• [Exercise objective]
Nothing but the lines from the one including "Michelle Obama's Memoir" through the last line of the entries, restated exactly, should appear in the answer; omit the pictures.

• [Records for this exercise]
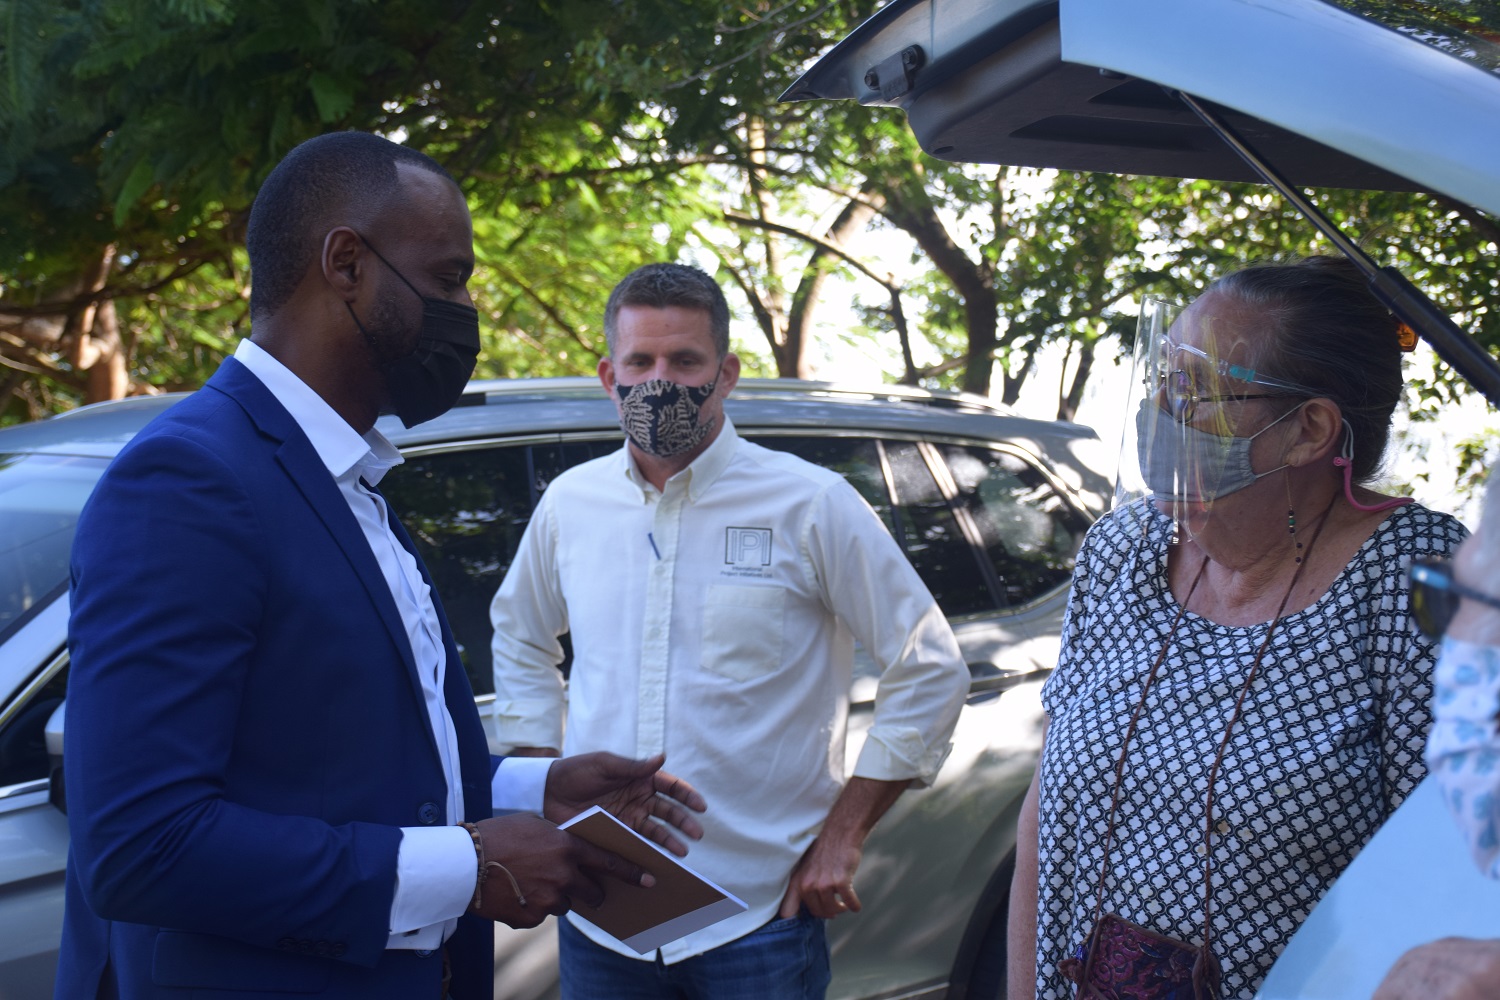 Utilities Minister addresses water woes with St. Ann’s residents
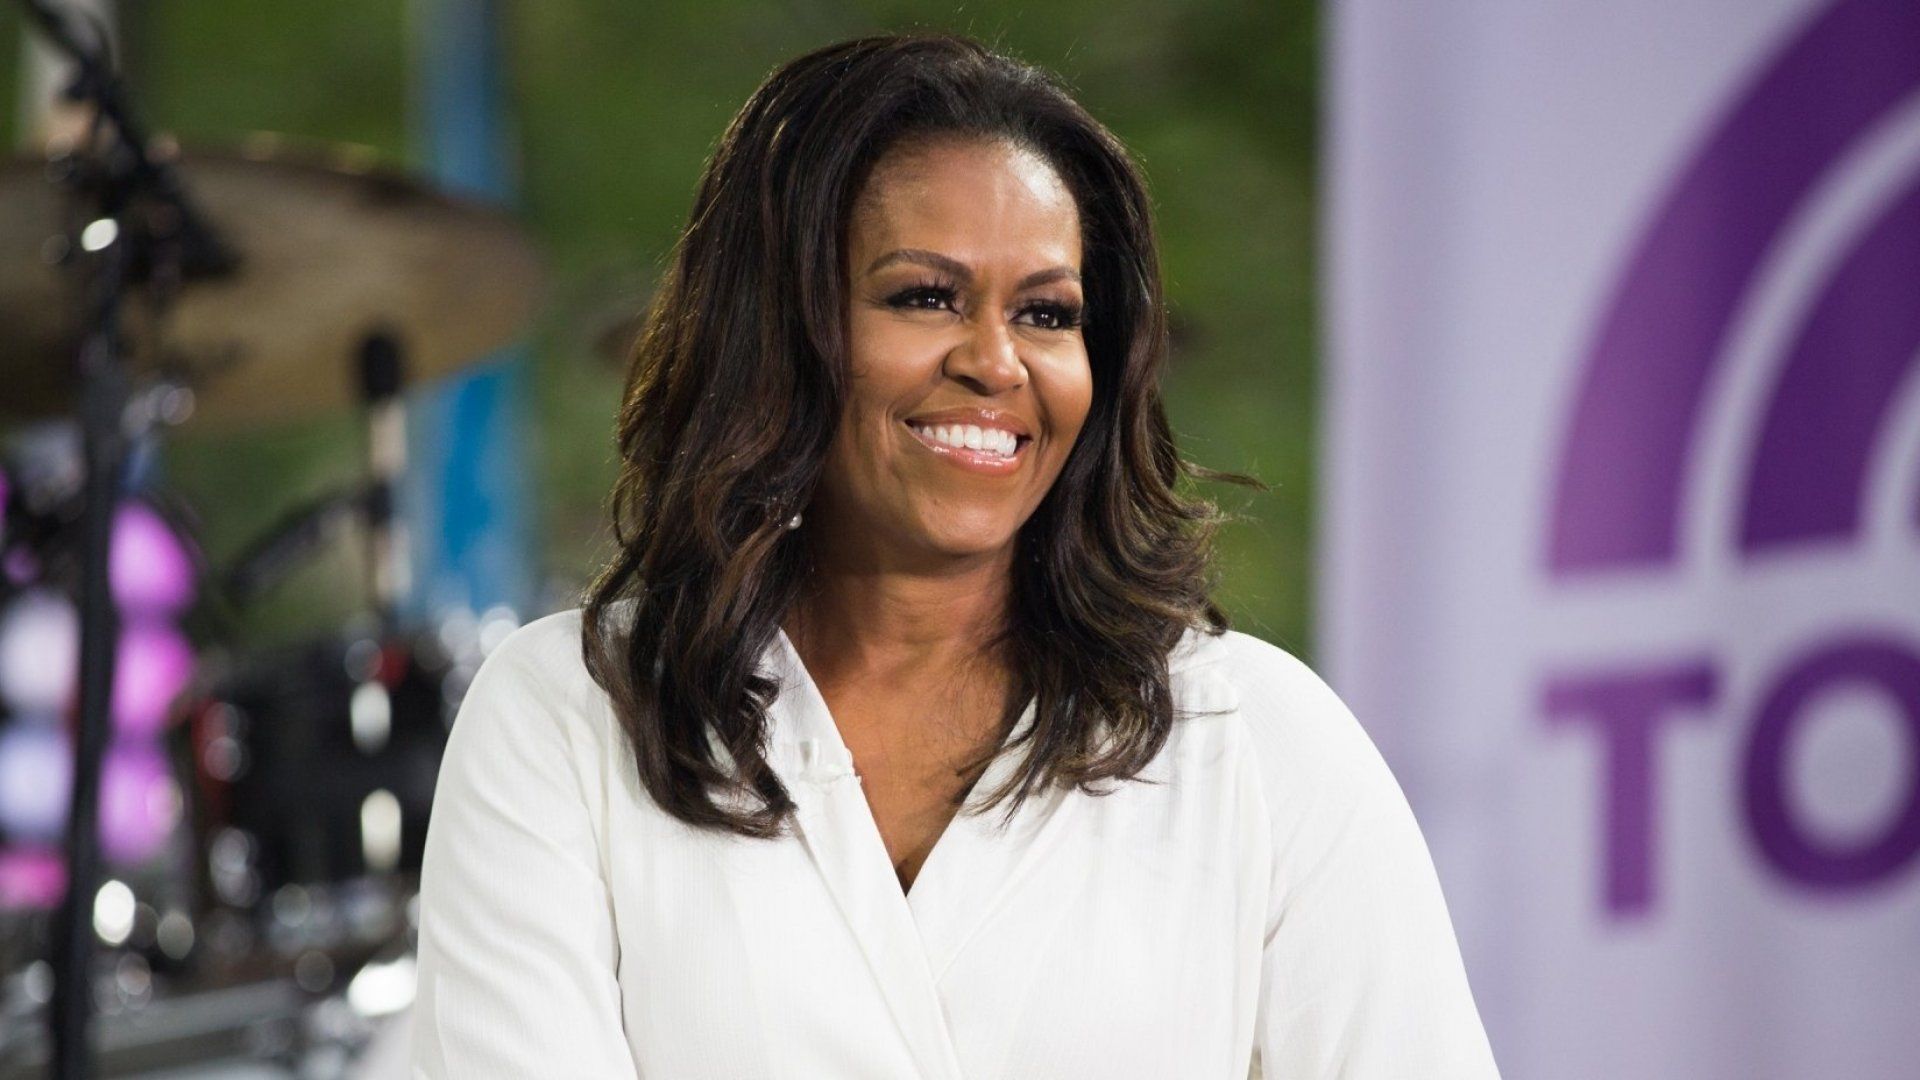 Michelle Obama's Memoir Perfectly Illustrates the 3 Life Stages
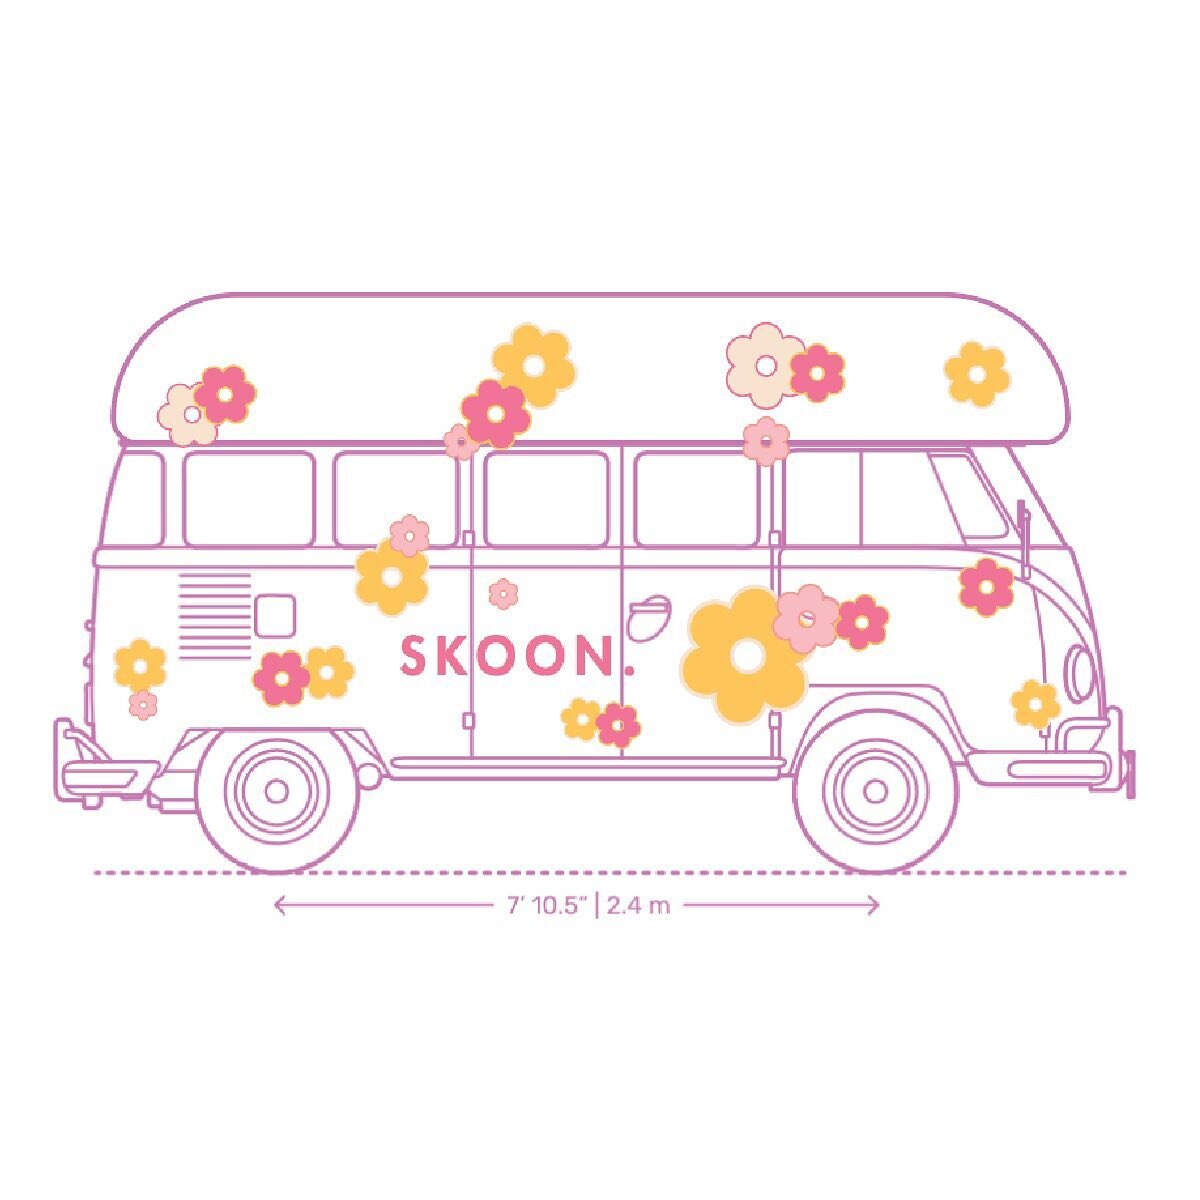 SKOON. Happy Flora ROAD TRIP!⁠
⁠
Involved 6 stops in busy spots like Kloof Street, Kalk Bay, Muizenberg, Camps Bay, Hout Bay, Sea Point promenade and Blouberg beachfront.

• [Output of the task]
 Michelle Obama's Memoir Perfectly Illustrates the 3 Life Stages
 SKOON. Happy Flora ROAD TRIP!⁠
⁠
Involved 6 stops in busy spots like Kloof Street, Kalk Bay, Muizenberg, Camps Bay, Hout Bay, Sea Point promenade and Blouberg beachfront.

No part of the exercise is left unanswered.